複数のロボットが同じ場所で稼働していると、互いに衝突しないように減速や一時停止を繰り返すことになり、ロボットが移動する時間に遅延が生じる。
これまではグリッド状のグラフ上で複数のロボットが衝突しない経路を作成するMAPF(Multi-agent Path Finding)という手法が用いられていたが、遅延の確率分布を正確にモデル化できていることが前提で、実際に人やロボットが行き交う現実の生活や職場に用いることはできなかった。
この課題を解決するために同社は、ロボットが特定の経路を走行する際の遅延をパラメータが未知なガンマ分布に従うものと定義したうえで、走行中に得られる遅延の観測値を用いて、確率分布のパラメータをベイズ推論で遅延が観測されるたびに更新。
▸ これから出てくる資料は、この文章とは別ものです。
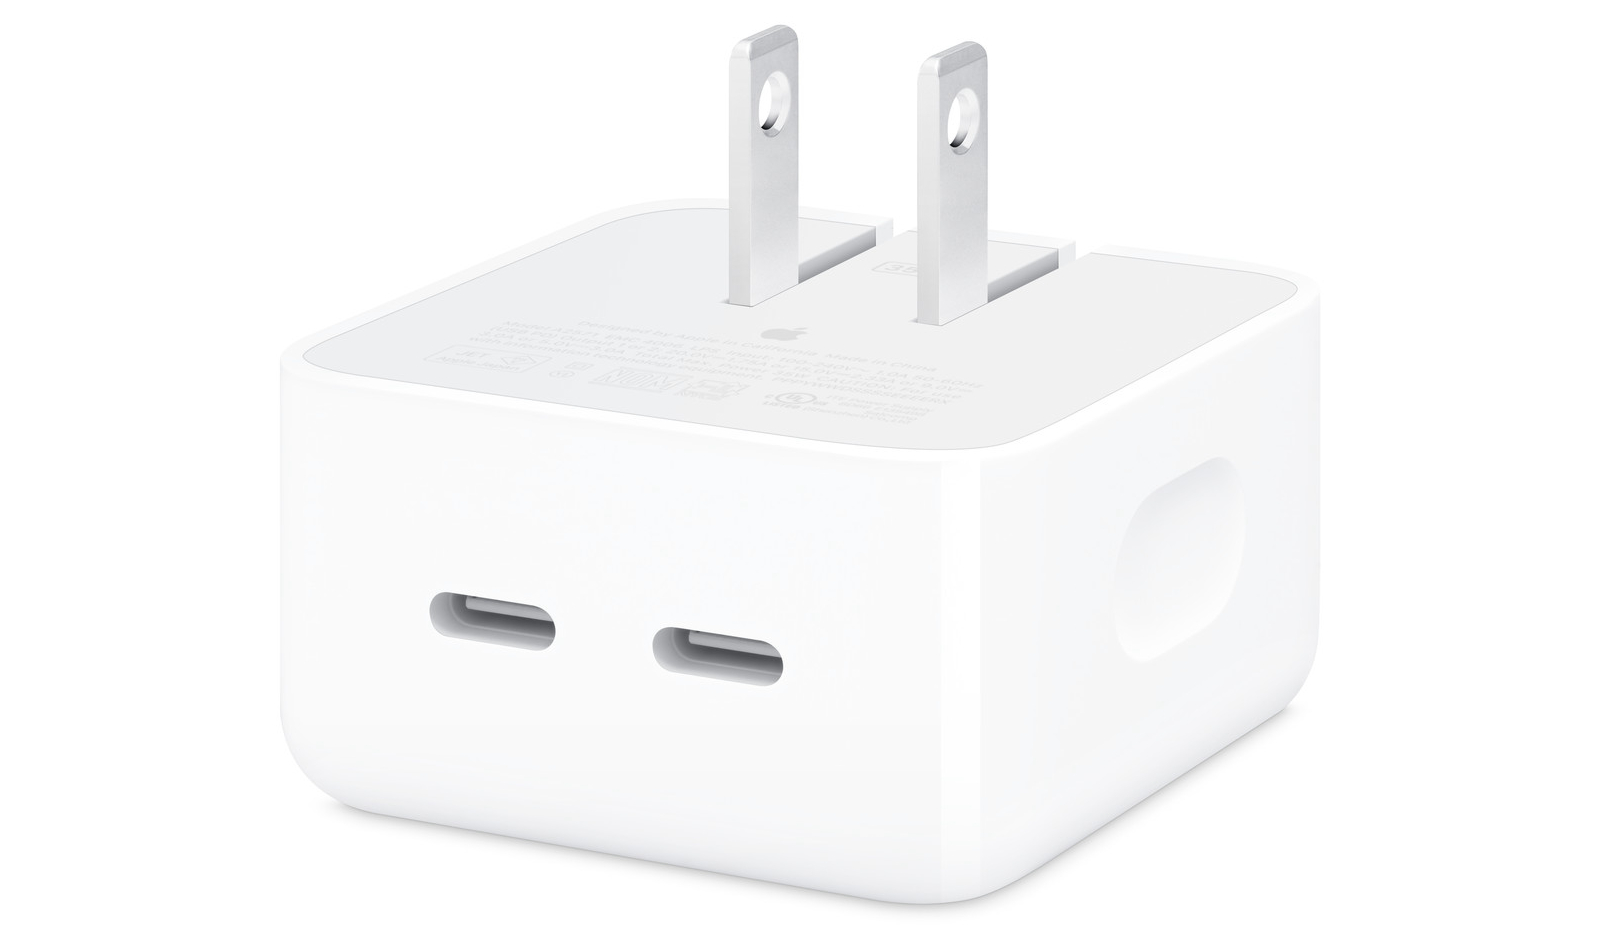 Apple’s New 35W Chargers With Dual USB-C Ports Now Available to Order

推定したパラメータに基づいて最適な走行経路を作成する手法を開発した。この手法を用いて、シミュレーション実験を行ったところ、従来の手法に比べ、ロボット同士が鉢合わせする頻度が約半分になり、目的地までの移動時間が短い走行経路を計画できた。
同社は「人と複数の多様なロボットが共存する環境で、自律走行ロボットの活用シーンを広げる技術だ」としている。